Sleeping in might not be best
This will raise a lot of eyebrows especially from hard working millennials but it might be best to avoid sleeping in on weekends. The reason for this is simple biology in the way that the more your weekend/weekday sleep schedules differ, the worse the jetlag-like symptoms you will experience throughout the week. If you feel like there is a need for you to make up for a late night, opt for a daytime nap of a few hours instead of sleeping in the next night over. This will allow your body to pay off your sleep deficiency without causing too much disturbance your circadian rhythm.
Not sleeping in is one thing, but another urge that you should also control is sleeping late the night before holidays and weekends. While one wants to enjoy the brief sigh of relief after a long week, it can also cause a distraction that can ripple throughout the next. Sleeping at the right time every night can help you keep the consistent demeanor one might need for the fast paced jobs of today.

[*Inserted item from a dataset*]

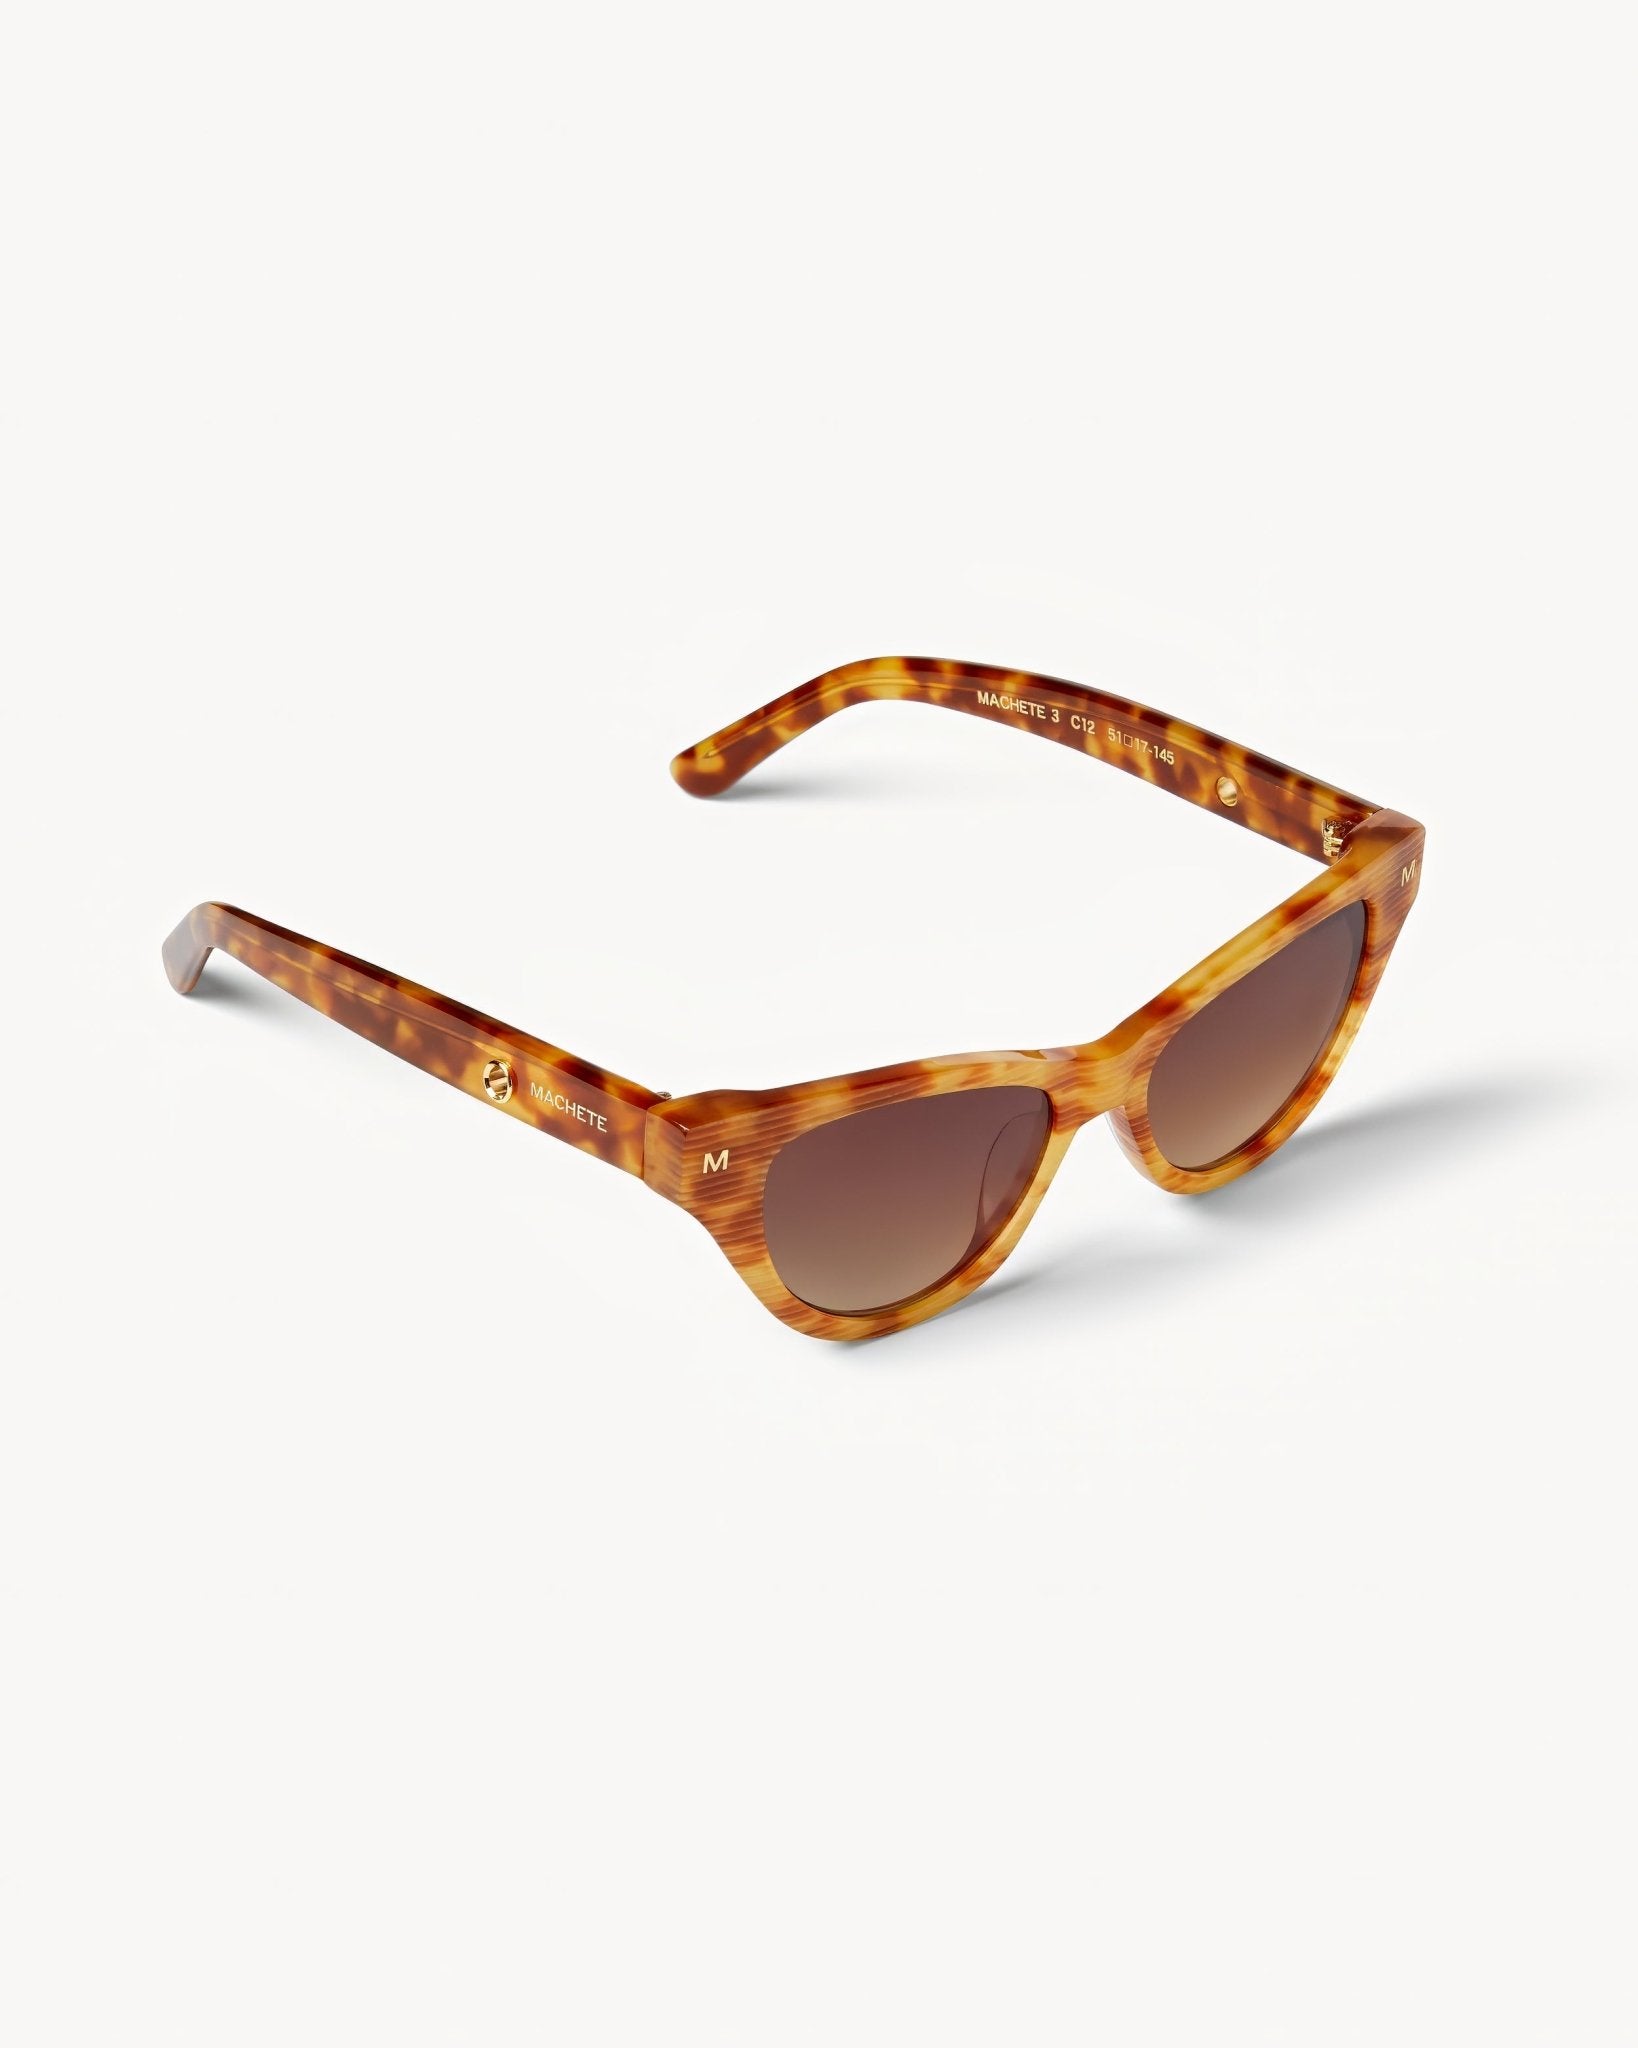 MACHETE Suzy Sunglasses in Light Tortoise Stripe

You can nap but not too much
Napping works hand in hand with your night sleep routine and should not be ignored. However, napping too much can also cause a disruption in your sleep cycle. While napping is a great way to make up for having to stay up later than usual, if you are having trouble falling asleep or staying asleep at night, napping can make things worse. As a simple guide, you should limit naps to 15 to 20 minutes in the early afternoon and avoid taking naps too close to bedtime and your waking hour.
Your diet plays a part
Most people suffer from after dinner drowsiness and this is one of the reasons why it is difficult to keep on track with your regular sleep schedule. Whenever you get sleepy way before your bedtime, you should get off the couch and do something mildly stimulating just so you can wake yourself up for the next hour or so. Simple menial tasks such as washing the dishes, calling a friend, or getting clothes ready for the next day can help you wake up before the right time to go to sleep. If you give in to the sleepiness, the consequences is that you may wake up later in the night and have trouble getting back to sleep.
What to do during the day
While there are plenty of things that you can do to help you sleep well while you are already asleep or on your way to there, there are also some things that can help you get that good night sleep while you are still wide awake.
Control light exposure
When your eyes are exposed to blue light, the brightest of all the light strands, your body will activate and will make you more alert. This is good when you are just waking up during the day where a little alertness is welcome but later during the day, exposure to this light has to be controlled. This is easier said than done however as blue light is everywhere: the sun, your computer screens and even your phone. It might do you well to keep blue light blocking glasses beside you in bed by putting them in your bedside shelf next to your phone. This way you won’t be getting all the extra blue light from the device and from the television set if you are the type who likes going to bed with the TV on.